Exercise: Transcribe the data exactly, pictures excluded.

Source material:
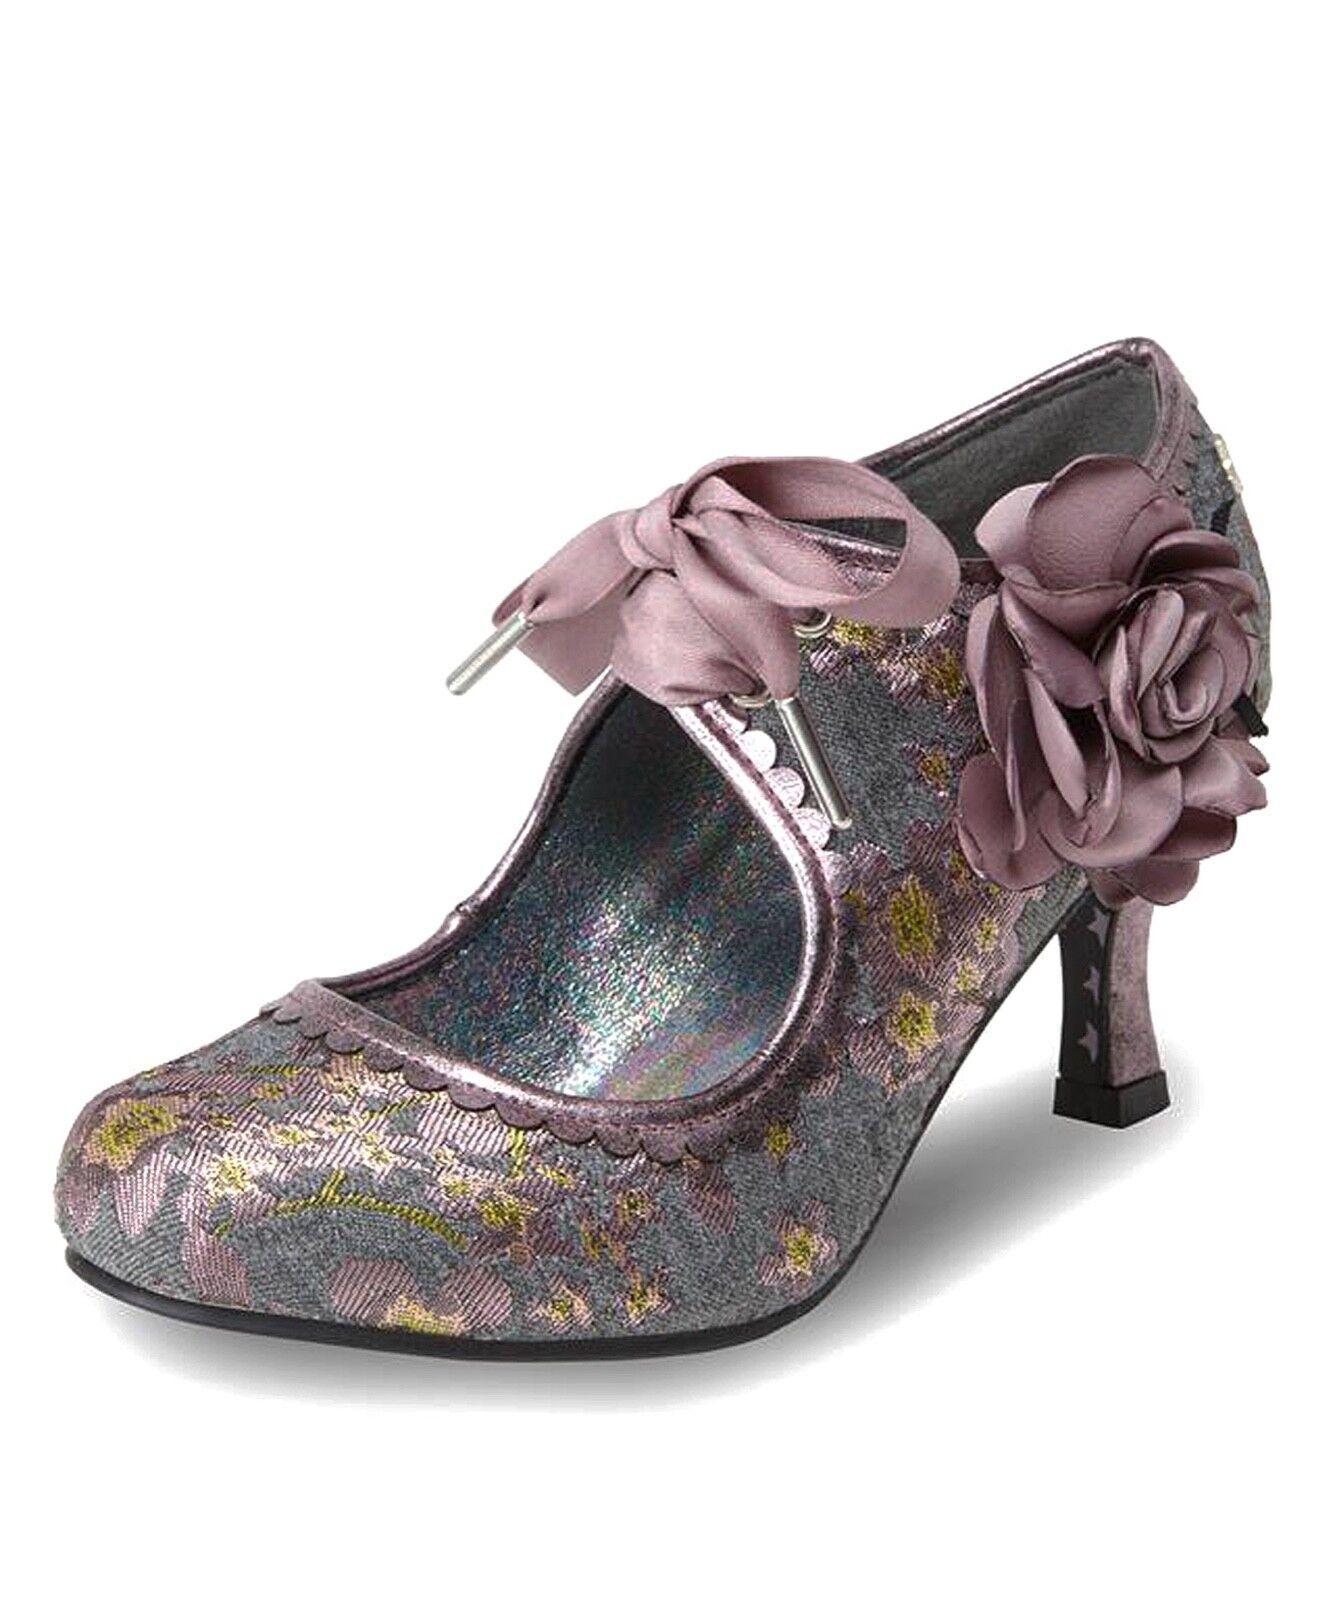 Joe brauns NEW Orla grau tweed lilac floral high heel lace up fashion schuhe 4-8
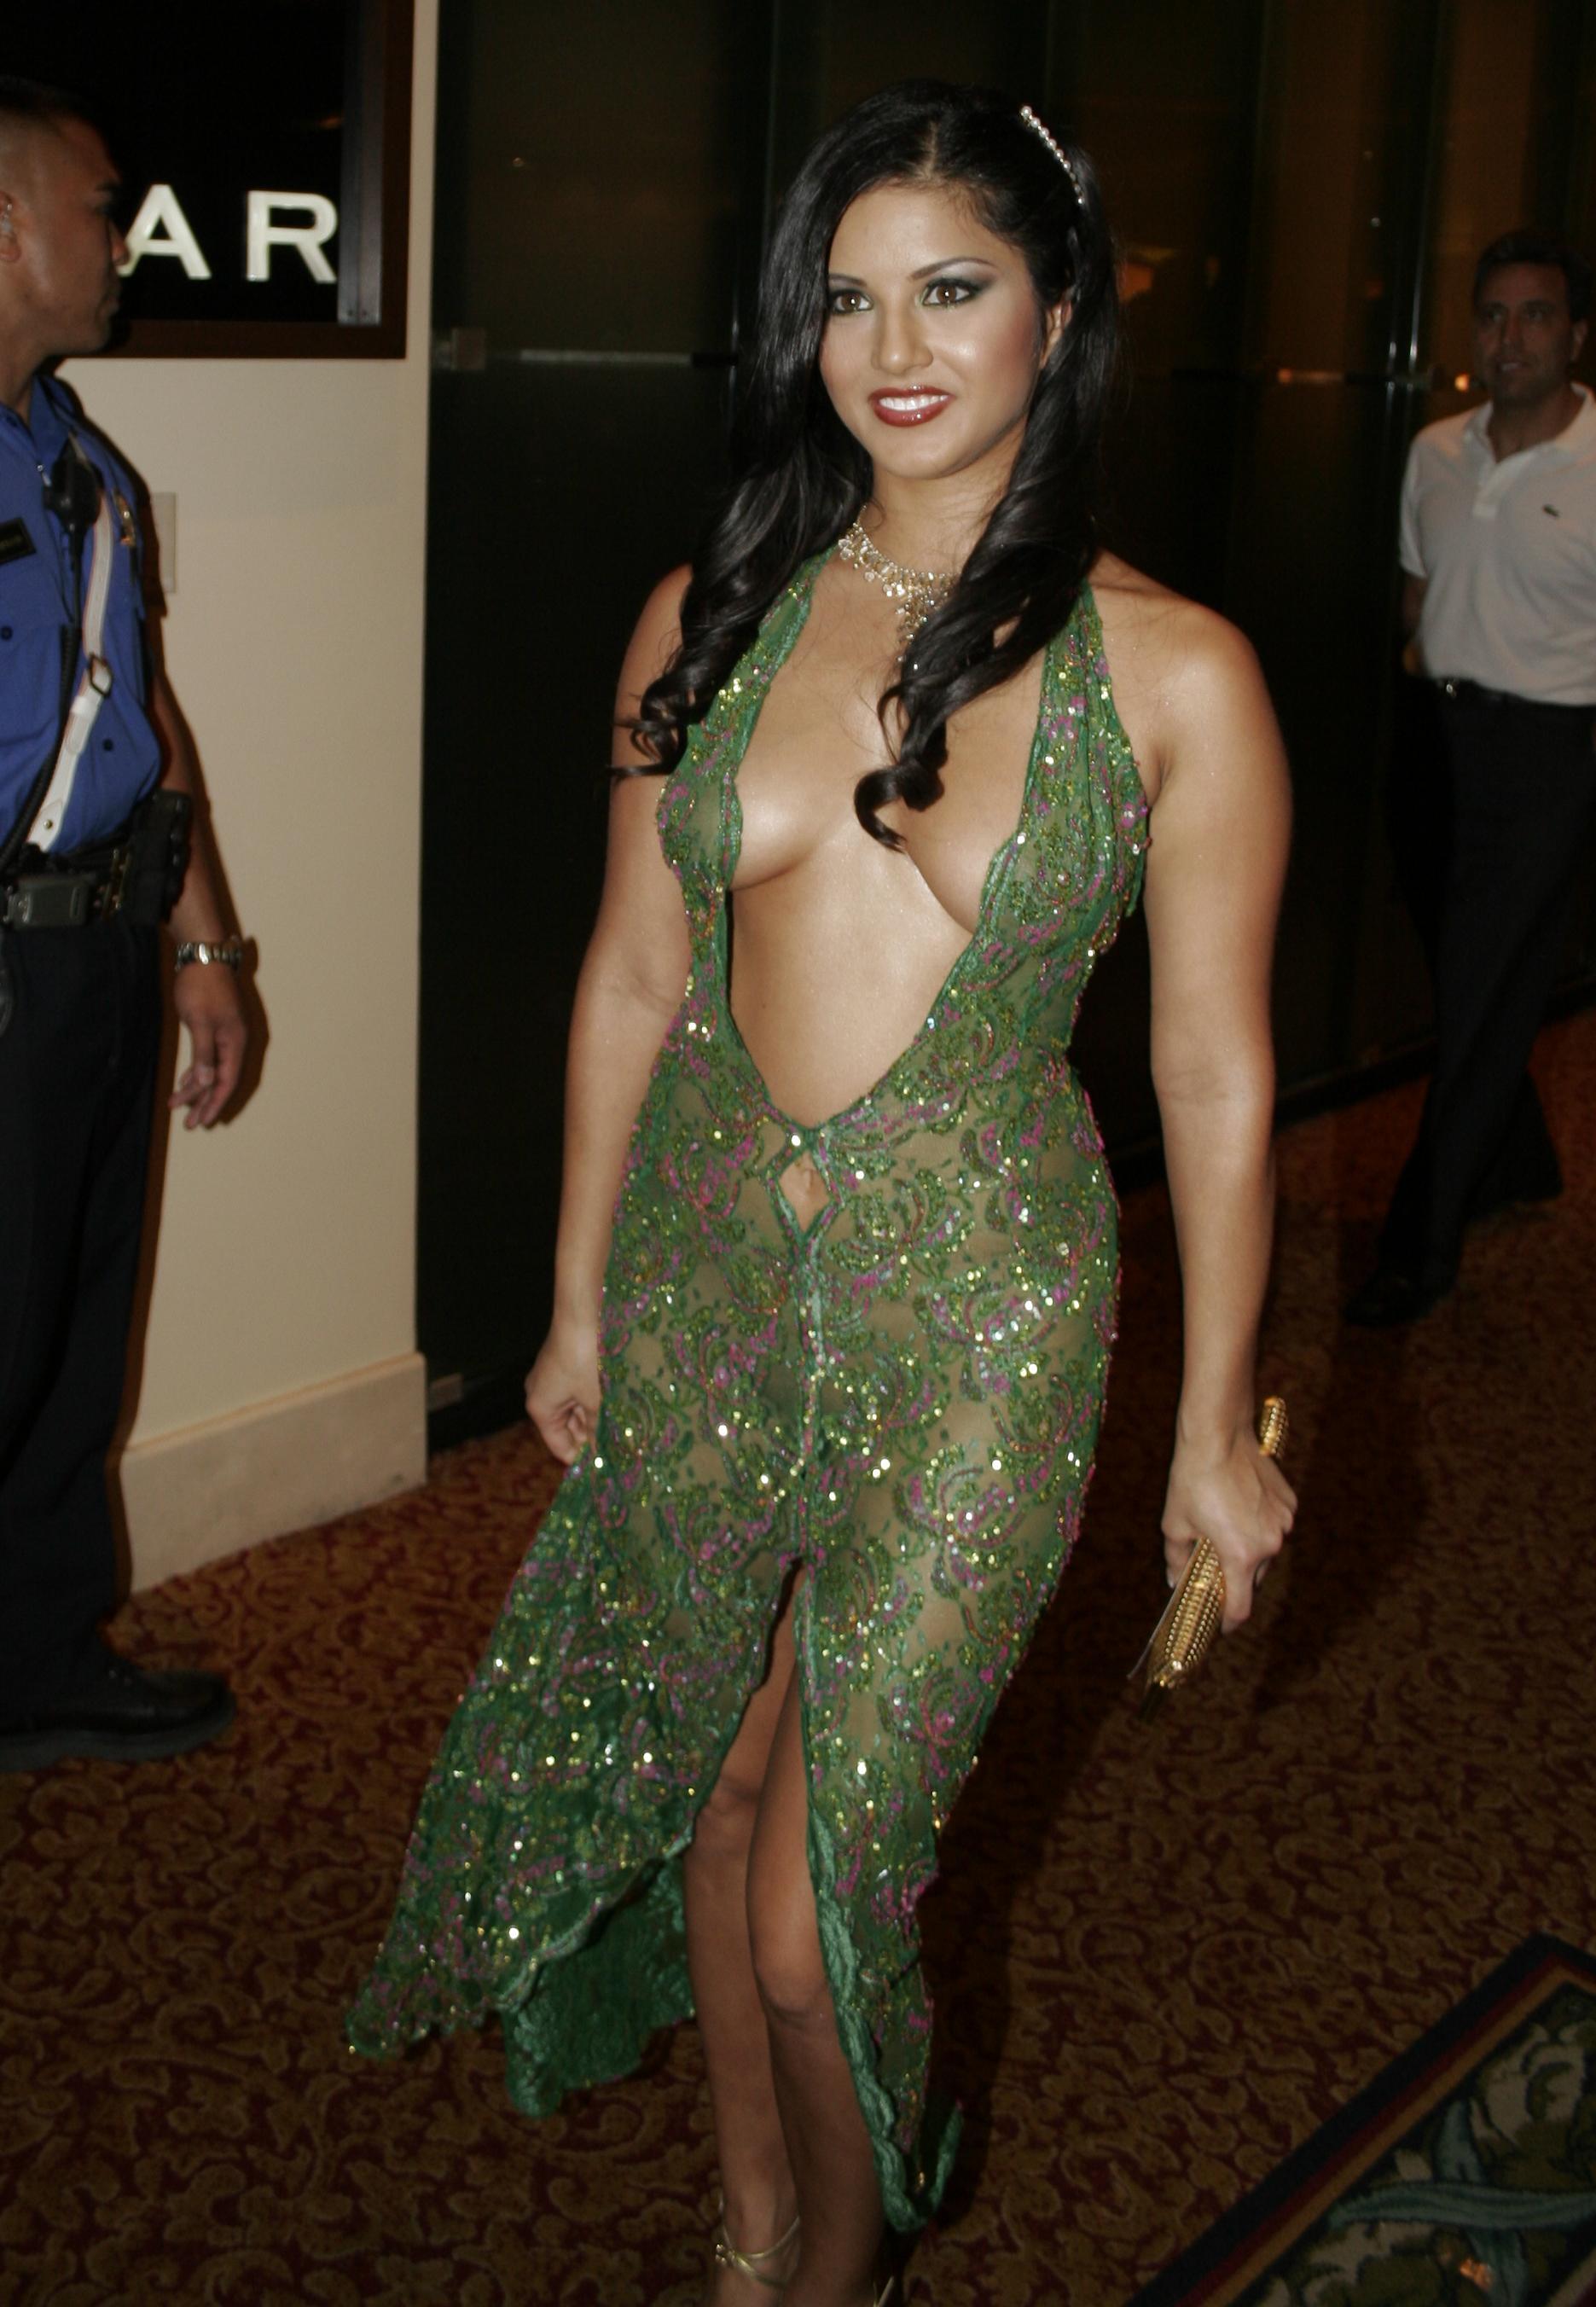 Sunny leone nude in award show
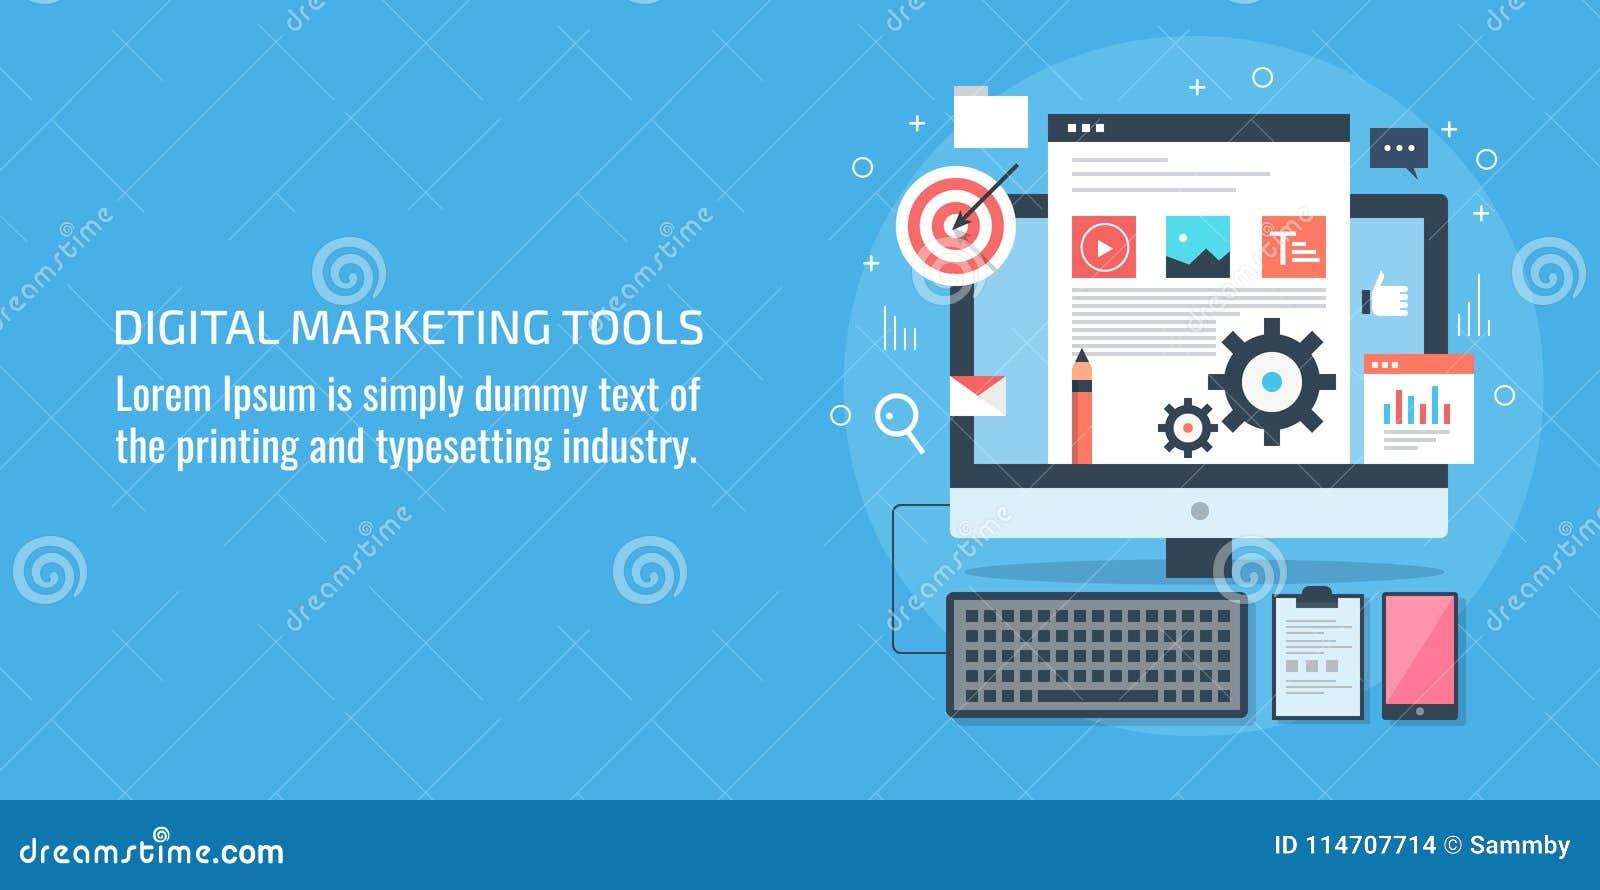 Digital-Marketinginstrumente, Arbeitsplatz, digitales Gerät, Inhalt, Software-Konzept, flache Designvektorfahne

Answer to the problem:
 Joe brauns NEW Orla grau tweed lilac floral high heel lace up fashion schuhe 4-8
 Sunny leone nude in award show
 Digital-Marketinginstrumente, Arbeitsplatz, digitales Gerät, Inhalt, Software-Konzept, flache Designvektorfahne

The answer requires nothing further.